Monday, August 5, 2013

Farmers continue to run up debt at record rates, but will they be able to carry their debt load if (or when) interest rates go back up? Financial experts have their doubts

by BARRY WILSON

So let's cut to the chase right off and then back into the wherefores and the whys.

Farm debt in Canada and Ontario is sliding into dangerous territory, reaching record levels every year and sustainable only because of historically low interest rates and record-high commodity prices and gross farm income.

Neither of those situations can continue indefinitely. Likely within the next two or three years, those favourable conditions will begin to turn.

Commodity prices are cyclical and history suggests they will soften sooner rather than later. The Bank of Canada has been warning that interest rates cannot remain at historic lows for long, particularly when the economy begins to rebound from its current sluggish growth level. Yet, every year for the past two decades, farm debt has reached a new height.

In 2012, national farm debt soared six per cent and more than $4 billion to $72.2 billion. Ontario carried 26 per cent of that, increasing more than 10 percent to $19 billion. Nationally, debt-servicing costs rose almost six per cent last year and were in the top five farm operating expenses. And despite this period of record commodity prices, farmers are increasing their debt rather than paying it down.

"I guess I would have thought that, with income levels as they were, there would be some pay down," Ontario farmer and Canadian Federation of Agriculture president Ron Bonnett said when the latest debt numbers were published by Statistics Canada.
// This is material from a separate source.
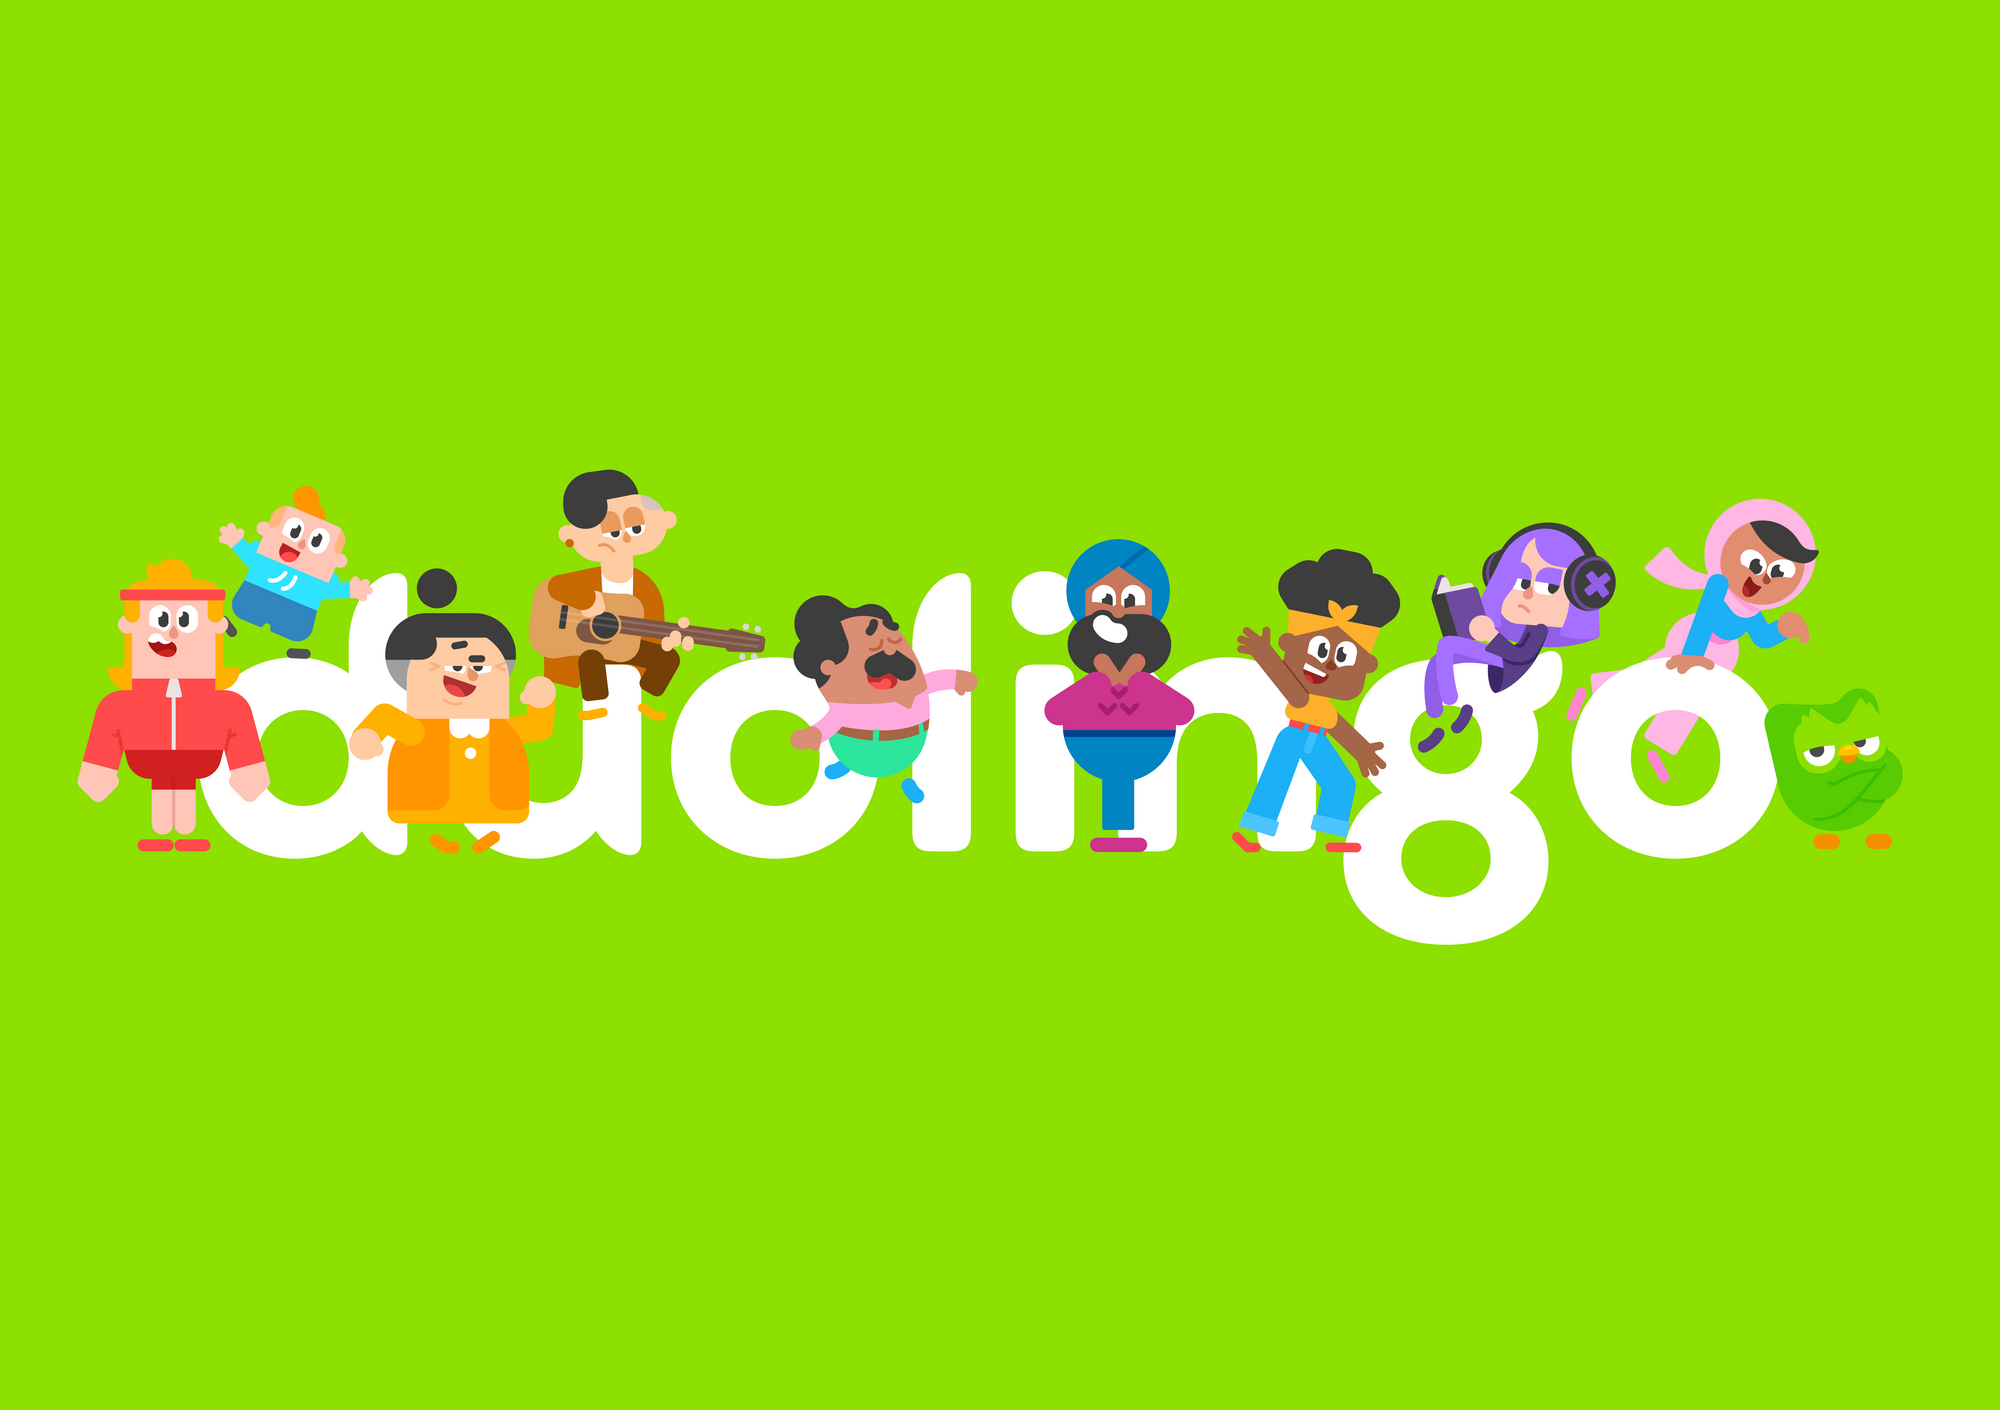 Duolingo Character Wordmark

So why is this happening?

Optimistic lenders and optimistic government officials call it "good debt" – borrowing to expand farms, to consolidate properties, to invest in new equipment or to pay the costs of intergenerational transfer. Farm Credit Canada (FCC) says loans in arrears are rare. FCC regularly notes that farm asset values are increasing faster than debt increases, so what's the problem? Farmers are wealthier even as their debt grows.

But that is something of a false argument. Debt servicing is handled from cash flow, not asset value, so when debt servicing costs rise and cash flow diminishes, there is a problem unless you sell to get the asset payoff.
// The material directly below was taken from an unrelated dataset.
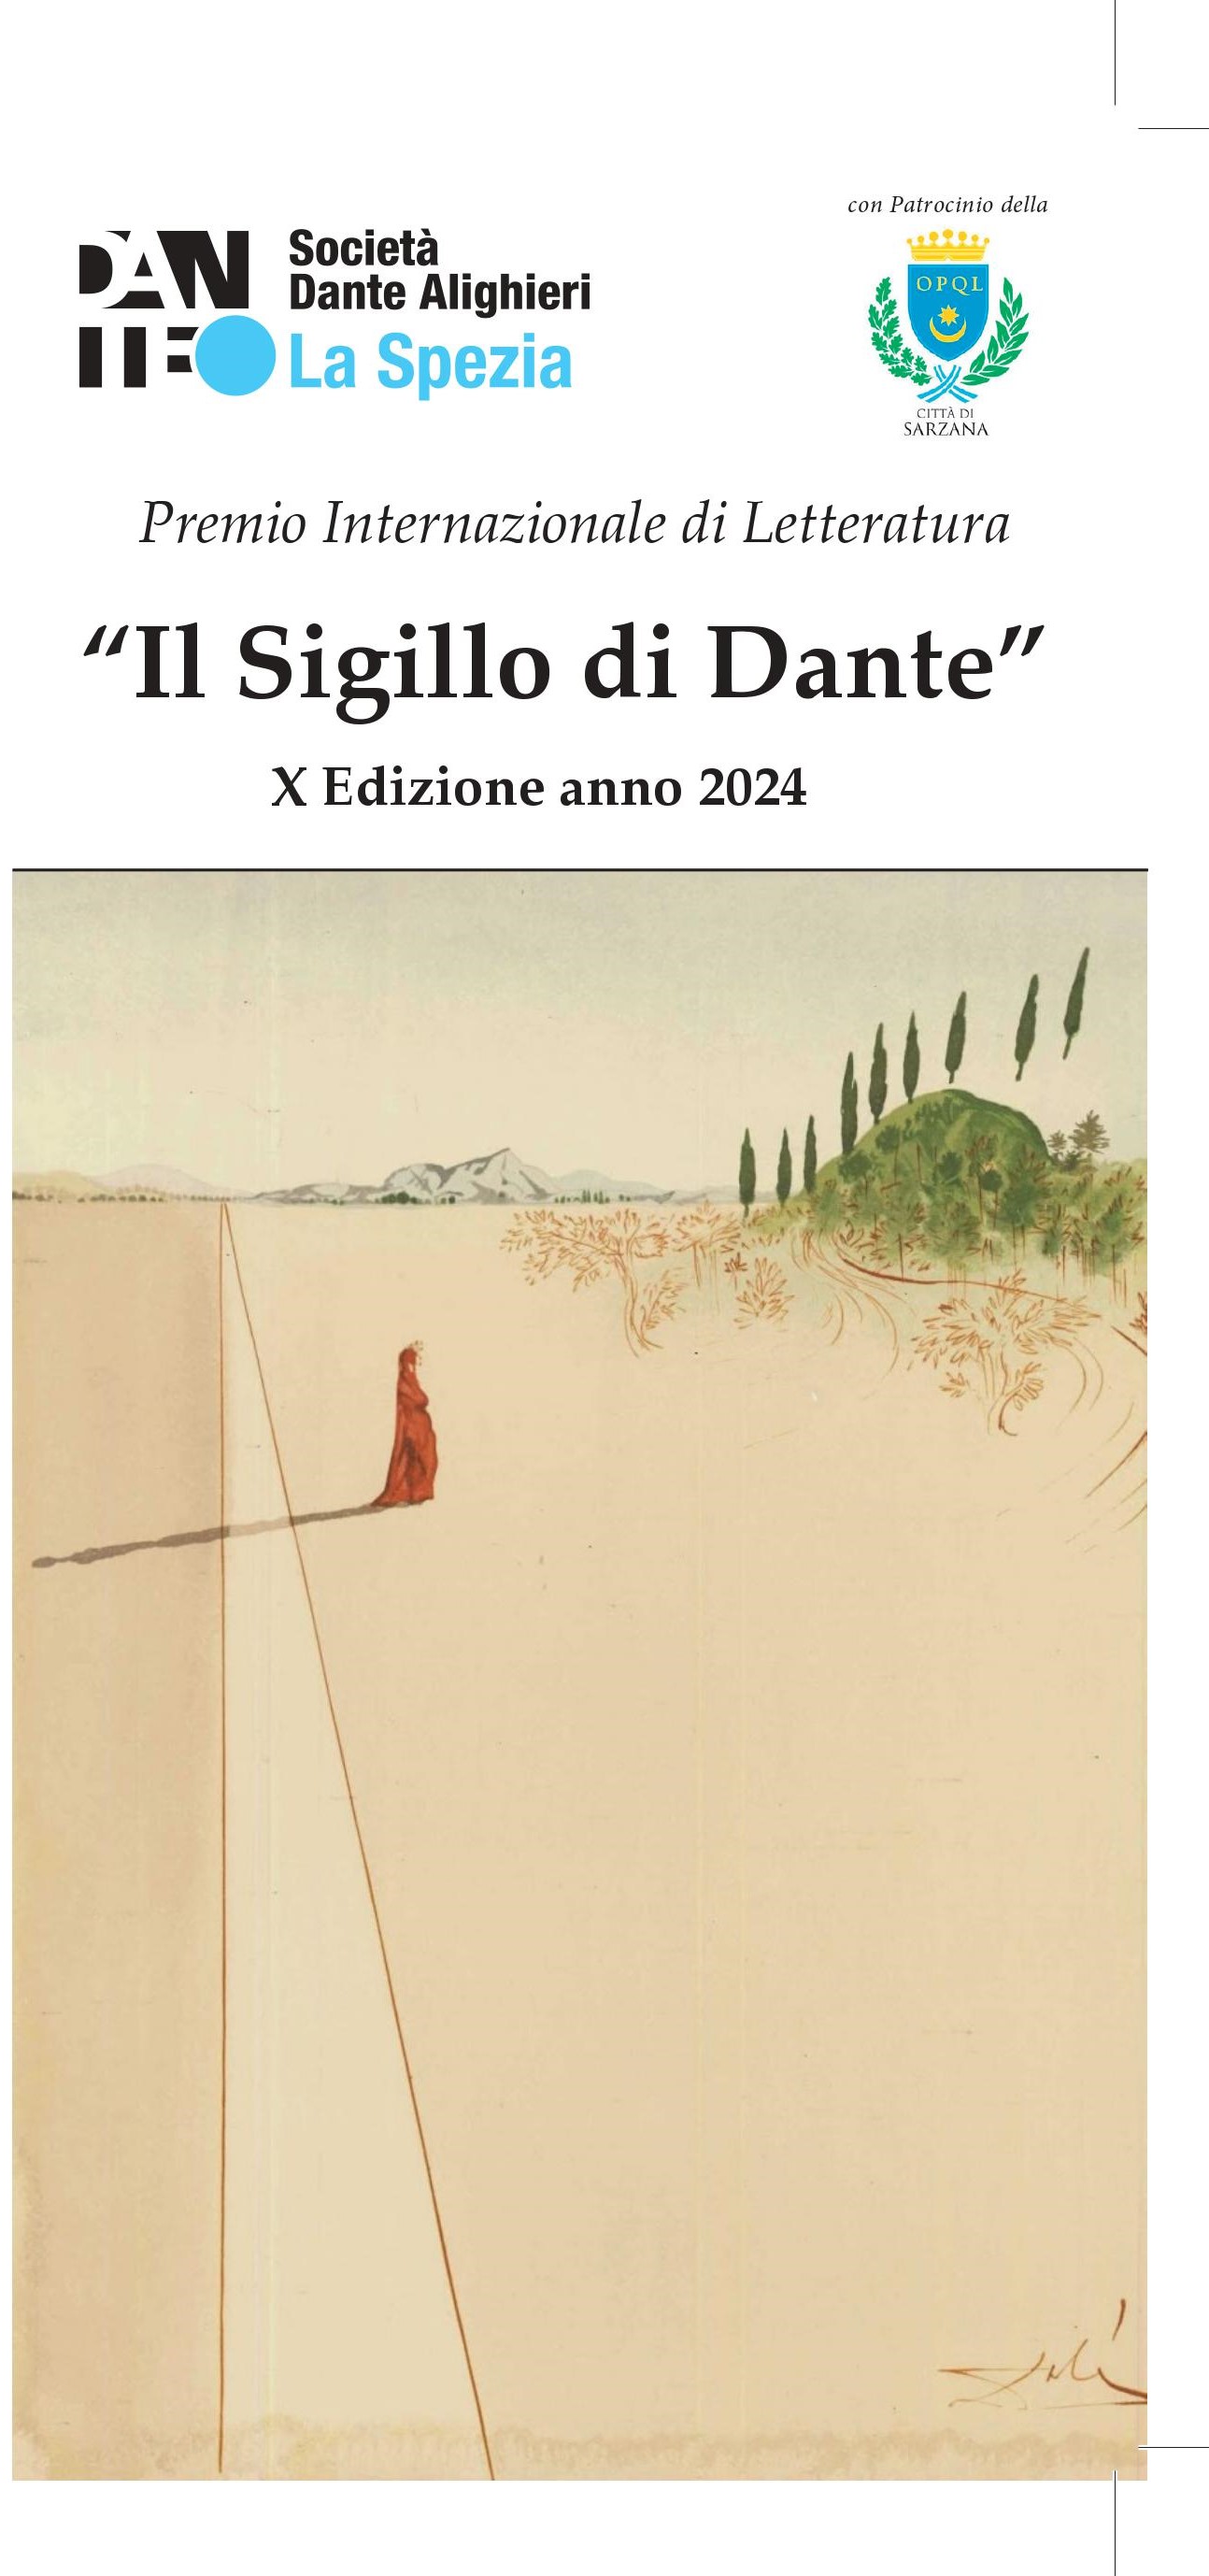 Premio Internazionale di Letteratura “Il Sigillo di Dante” X° Edizione anno 2024

Lenders, normally the most optimistic of souls, actually have started to sound the alarm about growing farm debt levels.

At a Senate agriculture committee, bankers said there is a need for caution. Stacey Schrof, manager of agriculture for TD Canada Trust, was one of them.

"I am concerned that we have been in the low interest rate environment for quite some time," she said. "People get used to these rates and think they will stay forever. The responsibility of a financial institution is to educate our clients: can the operation sustain the impact of a five per cent interest rate or a seven per cent interest rate. What does that do to the bottom line?"
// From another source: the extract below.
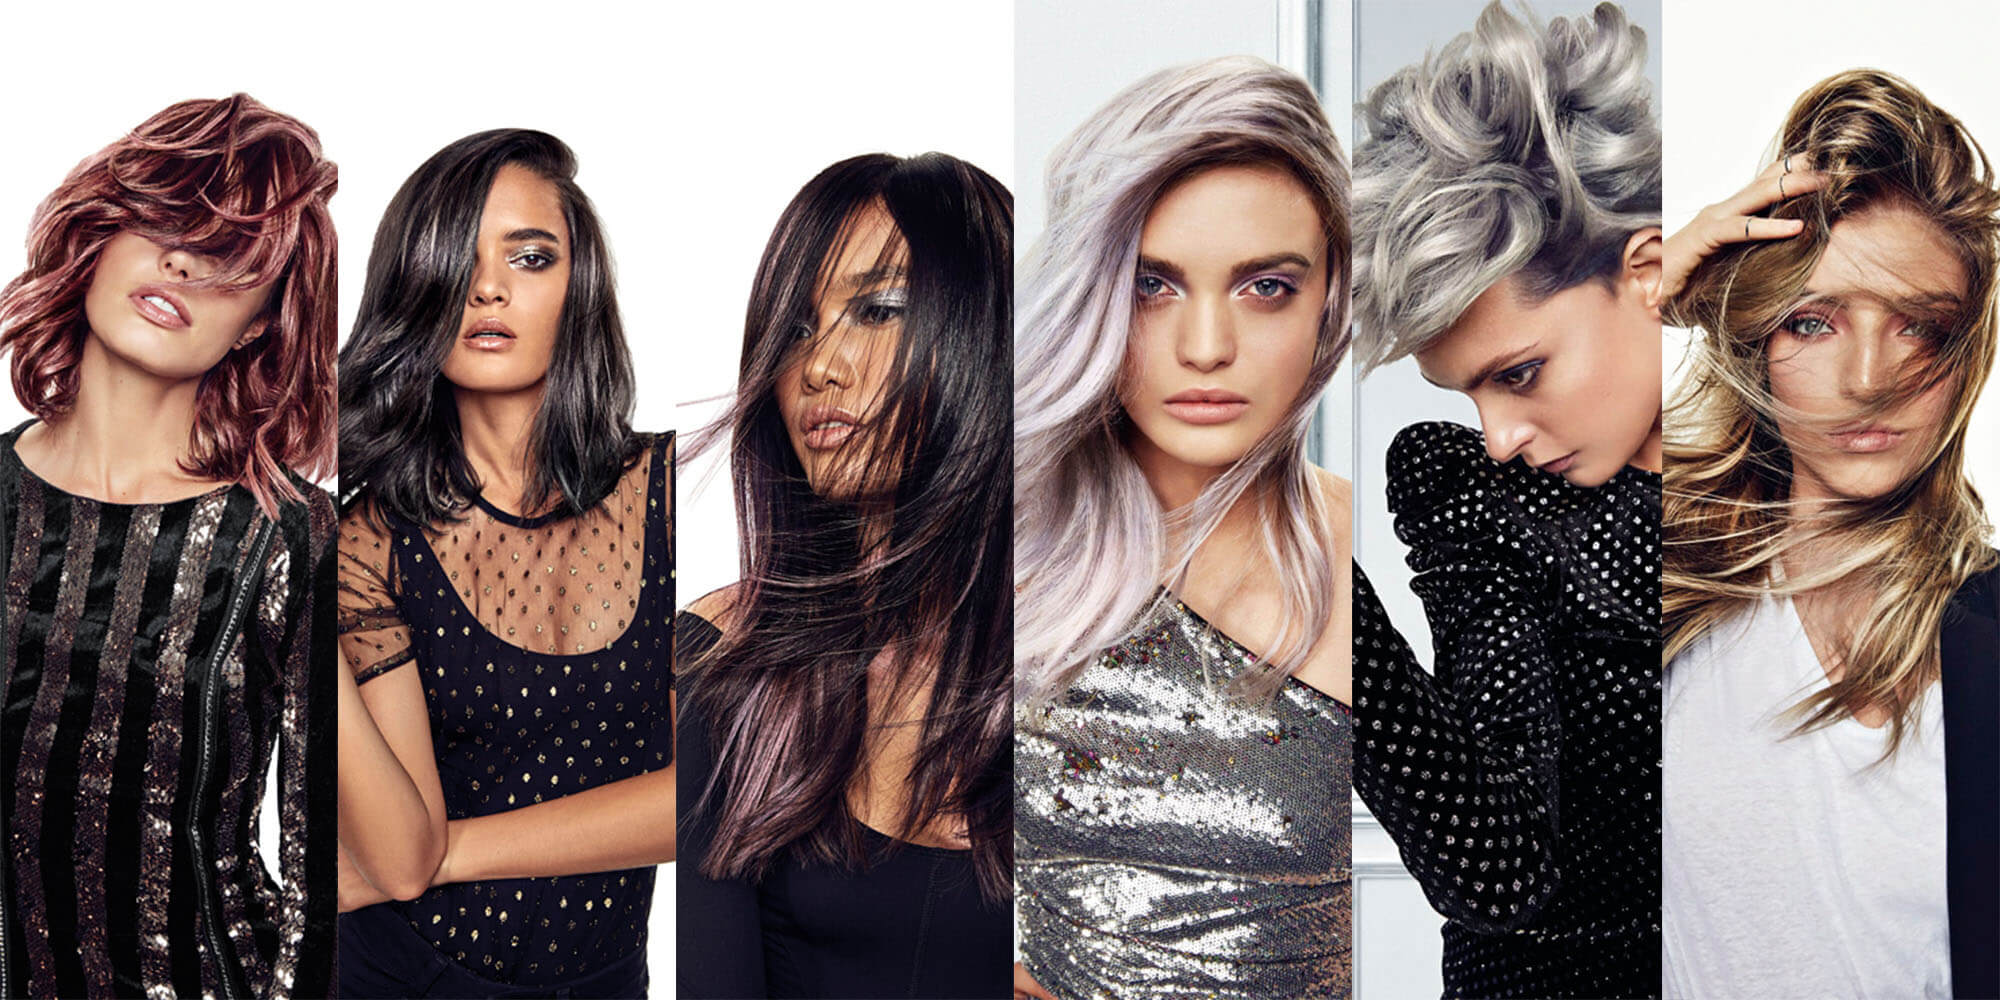 Shimmer for You, de L’Oréal Professionnel, é uma coleção que engloba três marcas e dá vida ao cabelo metalizado. A tendência que chega forte ao Brasil e, no mundo, já virou febre no Instagram.

David Rinneard, director of agriculture and agribusiness for BMO, said he reminds clients that, not so long ago, interest rates were twice as high as now.

Many clients are shocked at the implication. "If you ask anybody, regardless of the industry they are in, whether they can tolerate an interest rate that is twice as high as they are paying today, the response more often than not is 'no.'"

Yet farmers continue to run up debt at record rates, creating a competitive problem with American farmers who face significantly lower debt servicing costs.

Why isn't this part of the Canadian agriculture policy debate? BF

Barry Wilson is a member of the Parliamentary Press Gallery specializing in agriculture.